Dataset items:
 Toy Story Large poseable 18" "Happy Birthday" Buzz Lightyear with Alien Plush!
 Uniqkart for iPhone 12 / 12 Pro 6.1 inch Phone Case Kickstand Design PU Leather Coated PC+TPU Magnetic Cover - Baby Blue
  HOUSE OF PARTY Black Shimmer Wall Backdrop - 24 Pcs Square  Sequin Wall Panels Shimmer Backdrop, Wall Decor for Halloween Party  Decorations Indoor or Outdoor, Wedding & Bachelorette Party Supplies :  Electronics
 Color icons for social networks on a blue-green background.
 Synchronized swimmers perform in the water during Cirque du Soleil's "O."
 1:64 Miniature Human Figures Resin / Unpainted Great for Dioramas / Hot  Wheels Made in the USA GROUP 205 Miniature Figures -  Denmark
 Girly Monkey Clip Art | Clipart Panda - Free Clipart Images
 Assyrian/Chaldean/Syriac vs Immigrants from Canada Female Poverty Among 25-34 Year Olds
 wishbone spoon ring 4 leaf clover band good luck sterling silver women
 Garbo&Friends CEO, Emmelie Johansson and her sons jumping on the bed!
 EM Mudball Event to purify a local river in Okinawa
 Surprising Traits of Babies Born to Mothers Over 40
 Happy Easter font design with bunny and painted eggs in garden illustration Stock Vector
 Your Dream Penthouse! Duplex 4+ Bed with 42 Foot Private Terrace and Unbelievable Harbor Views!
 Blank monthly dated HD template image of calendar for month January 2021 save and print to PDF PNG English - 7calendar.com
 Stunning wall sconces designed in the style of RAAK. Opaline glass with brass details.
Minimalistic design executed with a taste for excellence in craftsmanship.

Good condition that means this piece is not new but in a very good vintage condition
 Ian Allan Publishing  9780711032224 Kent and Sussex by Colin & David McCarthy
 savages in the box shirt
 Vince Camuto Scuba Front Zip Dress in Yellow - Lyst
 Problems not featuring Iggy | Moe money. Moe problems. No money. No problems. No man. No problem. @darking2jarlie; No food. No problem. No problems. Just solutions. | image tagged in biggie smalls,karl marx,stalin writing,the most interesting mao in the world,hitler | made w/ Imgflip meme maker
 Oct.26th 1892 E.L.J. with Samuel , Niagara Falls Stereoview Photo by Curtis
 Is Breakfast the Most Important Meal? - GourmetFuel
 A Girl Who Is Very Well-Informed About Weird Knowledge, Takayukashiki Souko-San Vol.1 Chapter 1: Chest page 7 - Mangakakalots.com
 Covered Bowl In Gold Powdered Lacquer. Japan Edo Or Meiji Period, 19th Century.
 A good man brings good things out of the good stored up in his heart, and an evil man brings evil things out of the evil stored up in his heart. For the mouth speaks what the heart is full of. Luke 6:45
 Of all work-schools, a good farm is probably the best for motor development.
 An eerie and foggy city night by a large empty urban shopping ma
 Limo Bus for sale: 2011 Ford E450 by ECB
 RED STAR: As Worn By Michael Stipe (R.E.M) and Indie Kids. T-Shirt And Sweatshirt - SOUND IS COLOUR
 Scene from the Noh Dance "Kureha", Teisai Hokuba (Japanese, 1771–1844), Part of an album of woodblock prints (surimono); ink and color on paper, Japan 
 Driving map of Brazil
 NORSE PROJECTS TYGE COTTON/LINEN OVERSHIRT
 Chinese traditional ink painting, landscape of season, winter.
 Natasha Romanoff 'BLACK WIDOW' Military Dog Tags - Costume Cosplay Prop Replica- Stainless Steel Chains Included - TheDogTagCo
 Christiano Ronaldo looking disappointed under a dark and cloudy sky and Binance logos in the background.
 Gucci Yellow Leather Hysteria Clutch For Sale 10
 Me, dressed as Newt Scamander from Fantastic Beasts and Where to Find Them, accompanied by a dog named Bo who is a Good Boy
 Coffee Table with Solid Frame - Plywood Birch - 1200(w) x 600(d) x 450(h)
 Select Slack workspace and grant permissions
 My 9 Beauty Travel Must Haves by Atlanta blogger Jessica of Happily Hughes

PROBLEM TO SOLVE: All that is wanted is the run of lines from the start of the data through the line containing "Uniqkart for iPhone", copied word for word.

SOLUTION TO THE PROBLEM:
 Toy Story Large poseable 18" "Happy Birthday" Buzz Lightyear with Alien Plush!
 Uniqkart for iPhone 12 / 12 Pro 6.1 inch Phone Case Kickstand Design PU Leather Coated PC+TPU Magnetic Cover - Baby Blue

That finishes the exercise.